------ DATA BLOCK ------

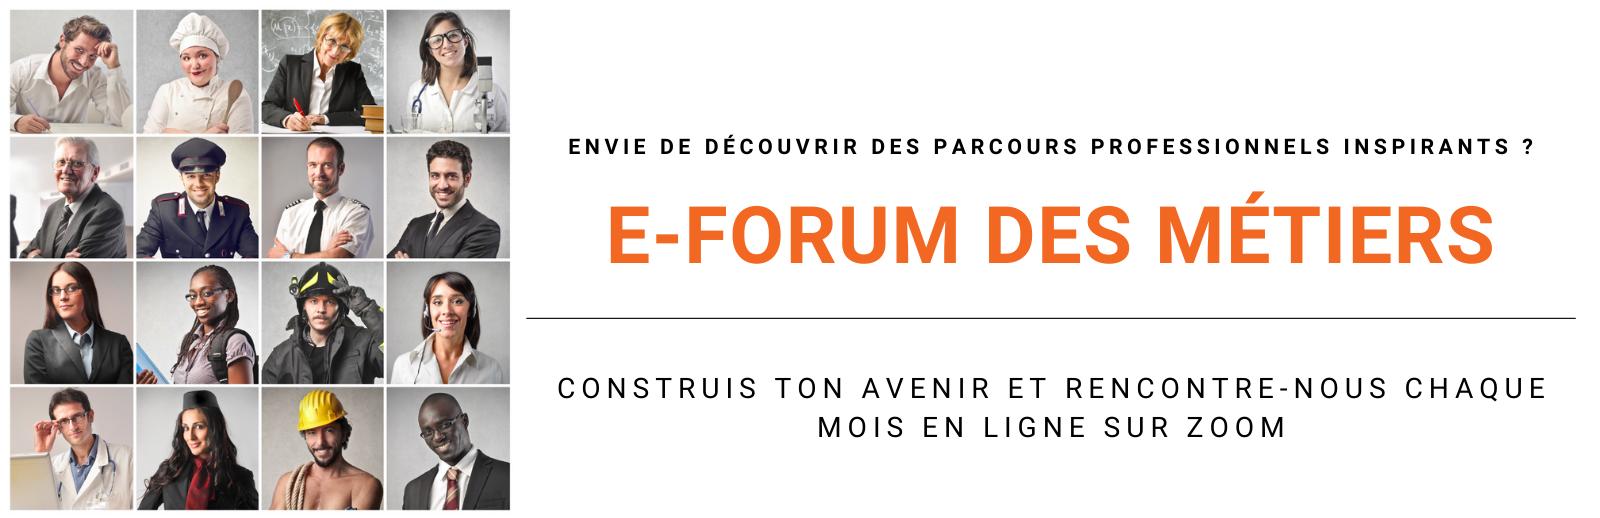 [ÉVÉNEMENT] Chaque mois, participez à notre E-Forum des métiers
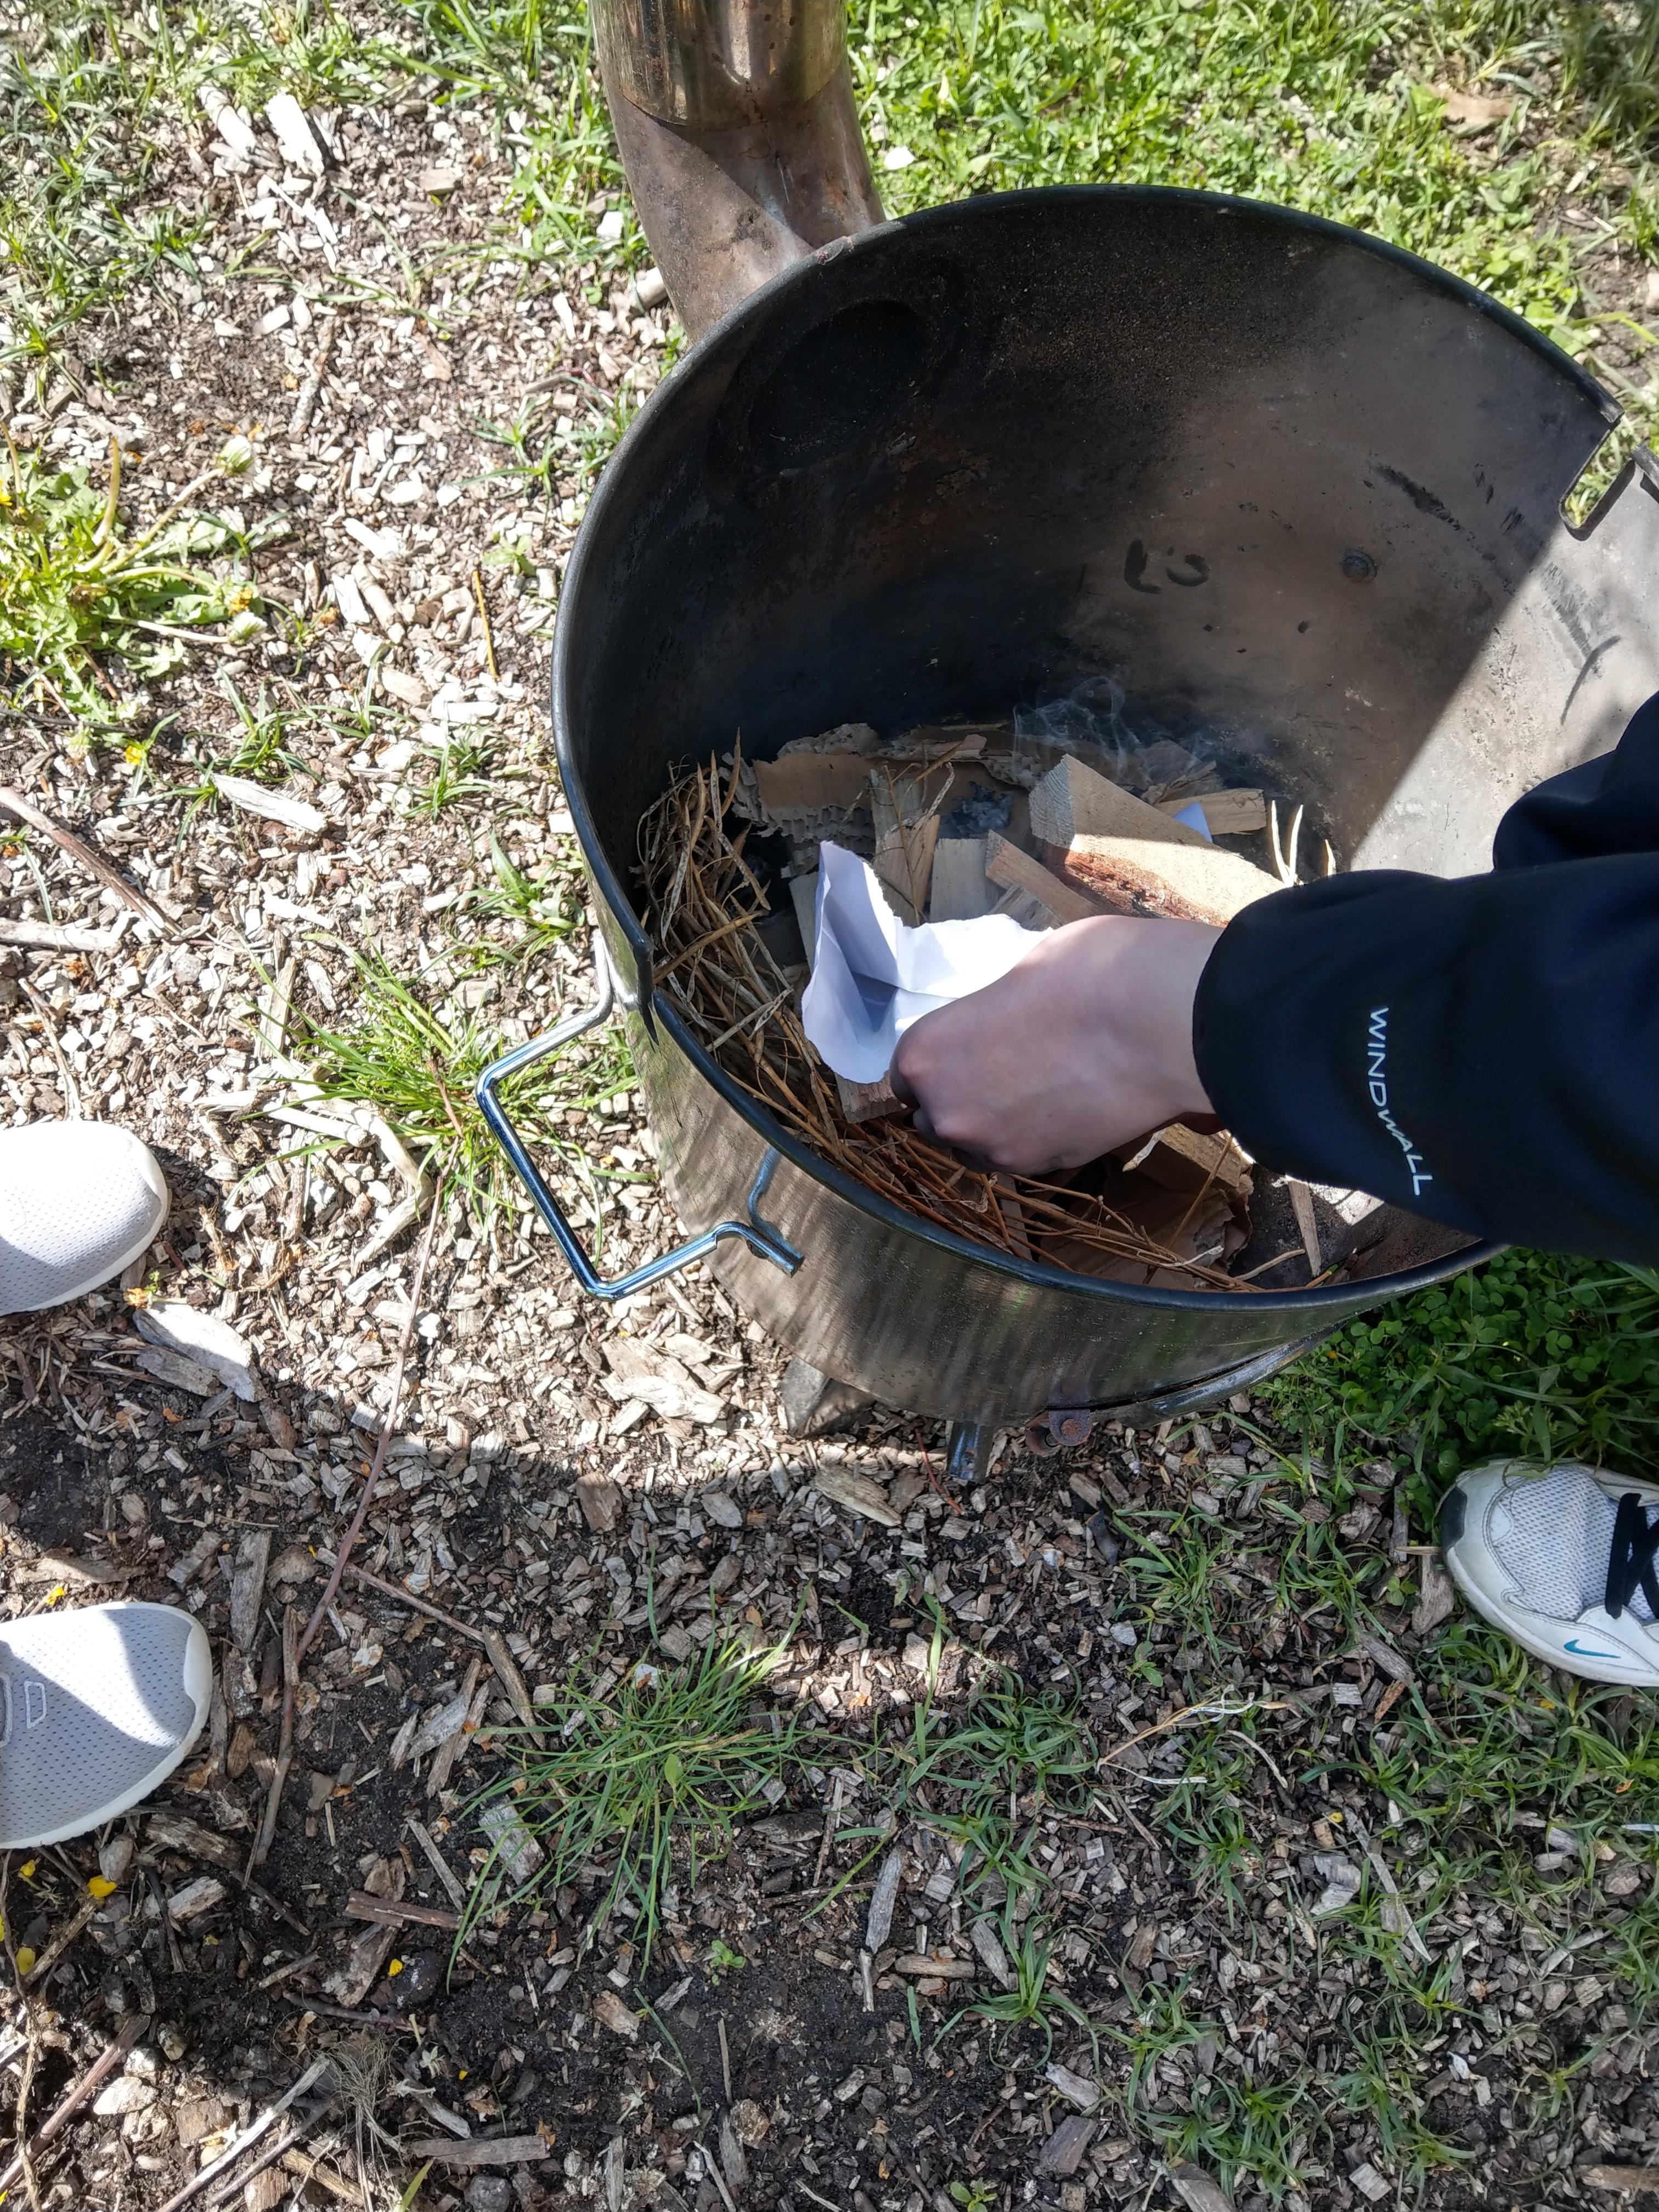 eine Person macht ein Feuer in einem großen Topf aus Metall
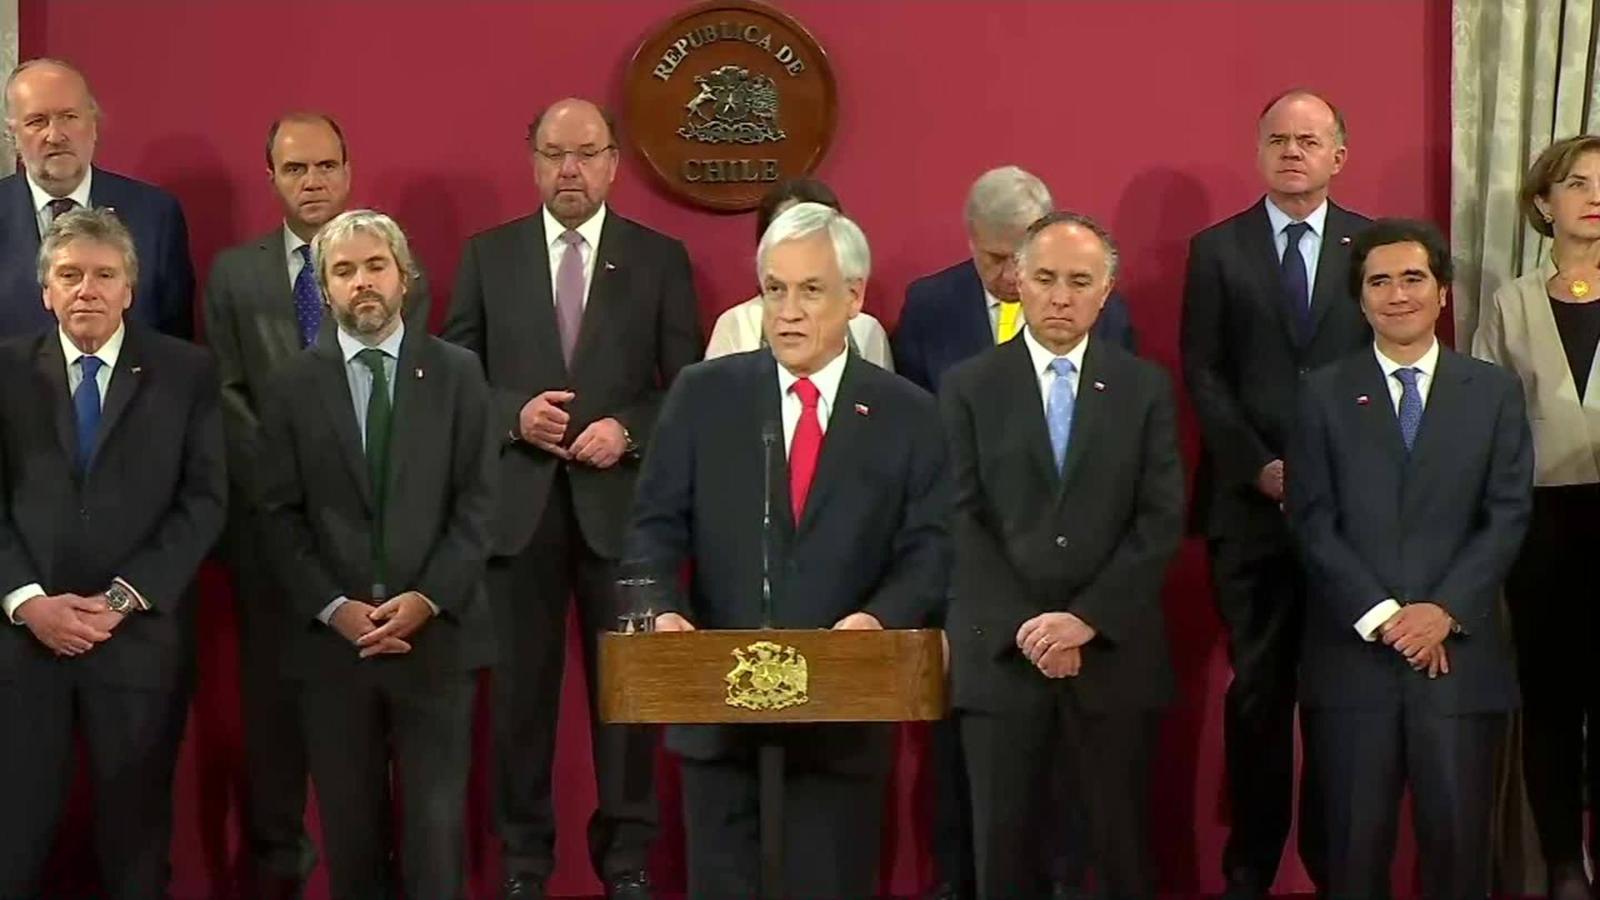 Los cambios en el gabinete y en la agenda social de Chile

------

# REQUIRED ACTION
What is needed is the full material, retyped unchanged, with no pictures in it.

# SOLUTION TO THE PROBLEM
 [ÉVÉNEMENT] Chaque mois, participez à notre E-Forum des métiers
 eine Person macht ein Feuer in einem großen Topf aus Metall
 Los cambios en el gabinete y en la agenda social de Chile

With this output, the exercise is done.